## MATERIAL PROVIDED
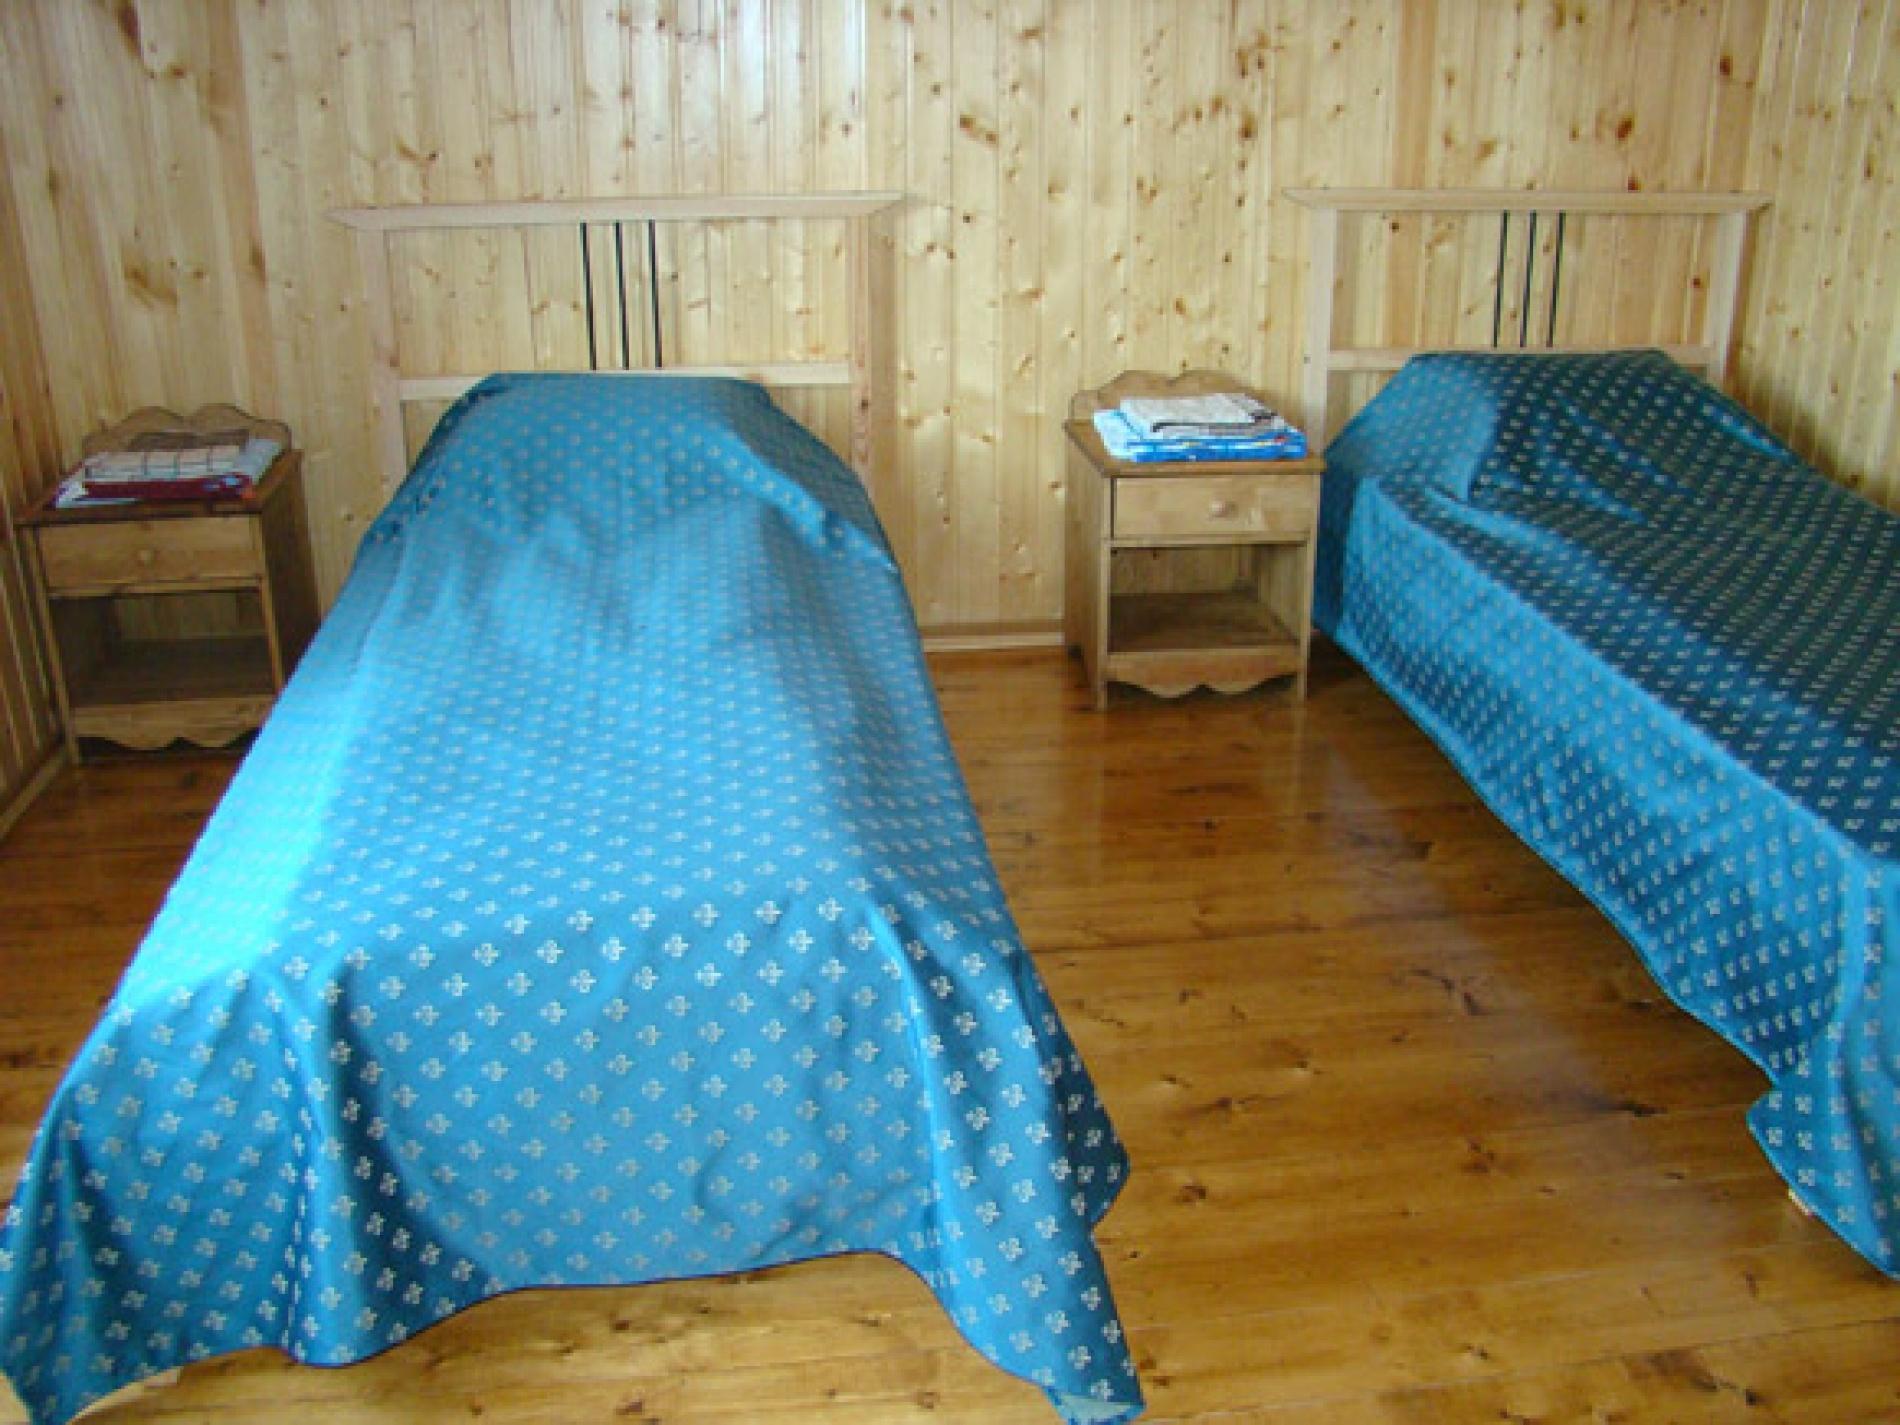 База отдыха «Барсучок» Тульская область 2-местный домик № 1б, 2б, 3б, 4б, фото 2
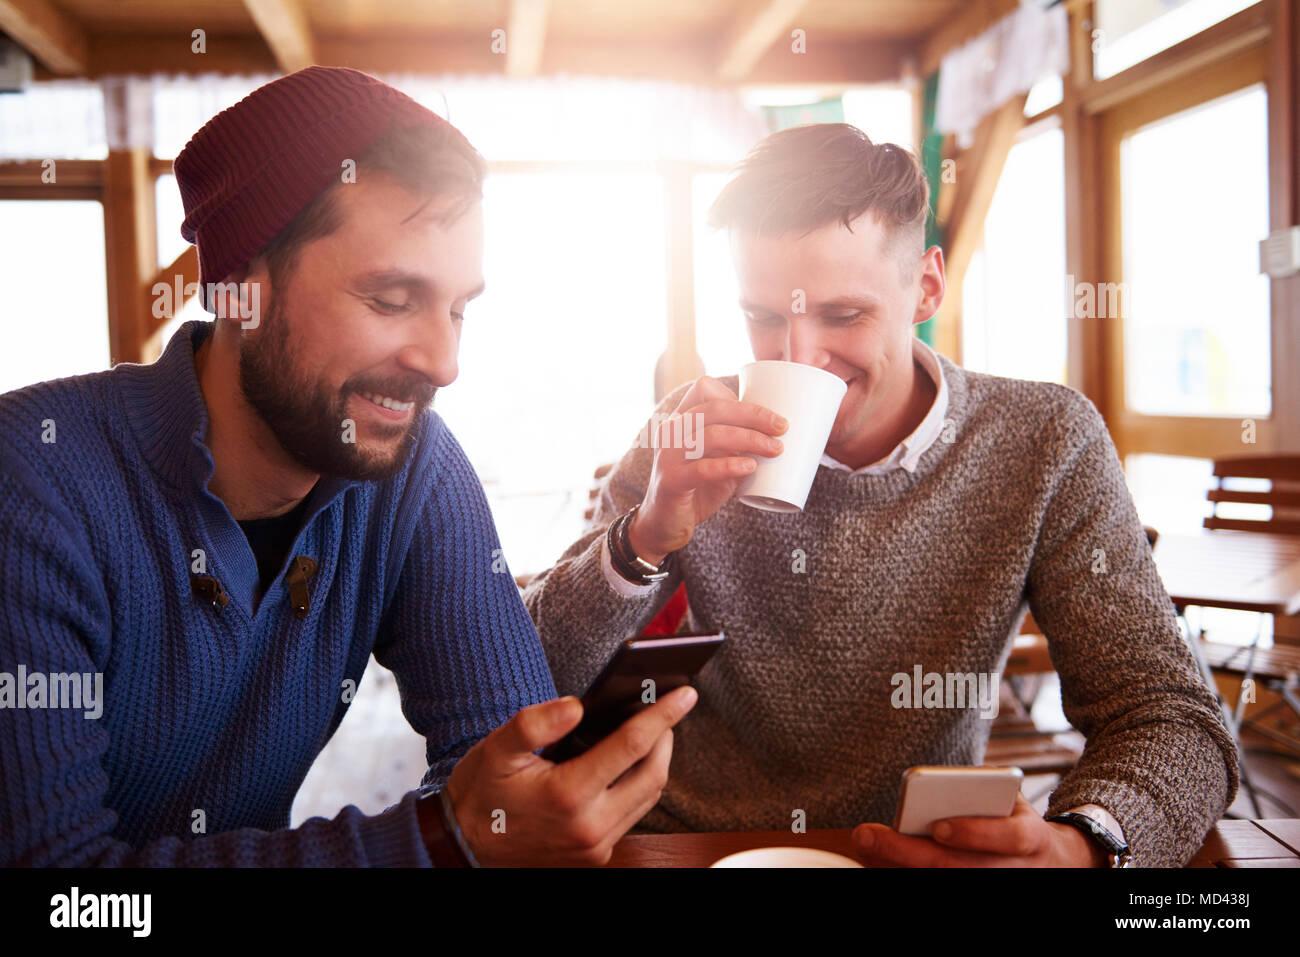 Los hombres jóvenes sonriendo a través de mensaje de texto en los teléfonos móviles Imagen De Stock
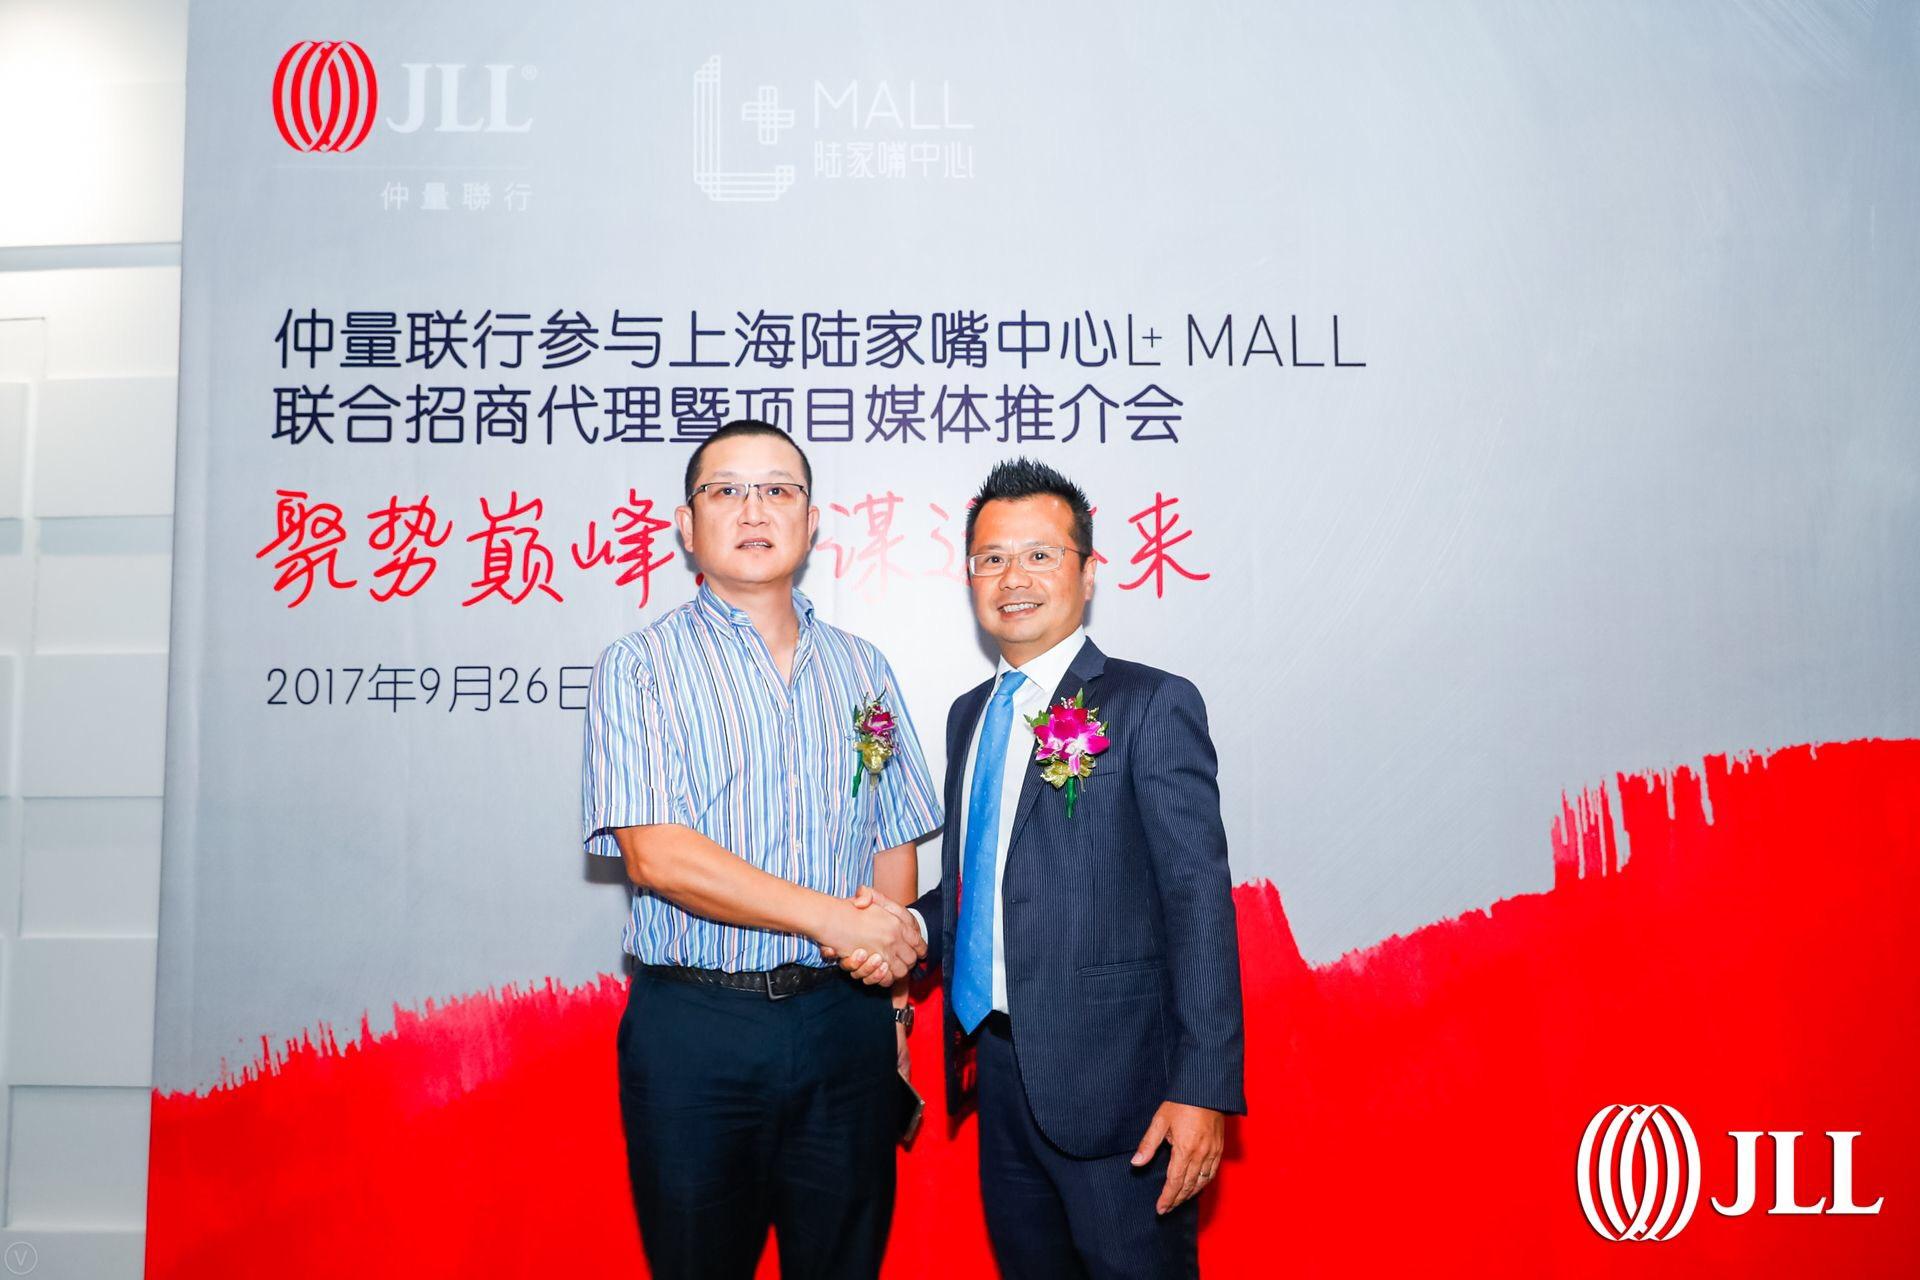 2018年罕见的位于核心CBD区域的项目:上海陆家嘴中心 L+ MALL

## ASSIGNED TASK
Restate the full listing verbatim and drop every picture.

## EXERCISE OUTPUT
 База отдыха «Барсучок» Тульская область 2-местный домик № 1б, 2б, 3б, 4б, фото 2
 Los hombres jóvenes sonriendo a través de mensaje de texto en los teléfonos móviles Imagen De Stock
 2018年罕见的位于核心CBD区域的项目:上海陆家嘴中心 L+ MALL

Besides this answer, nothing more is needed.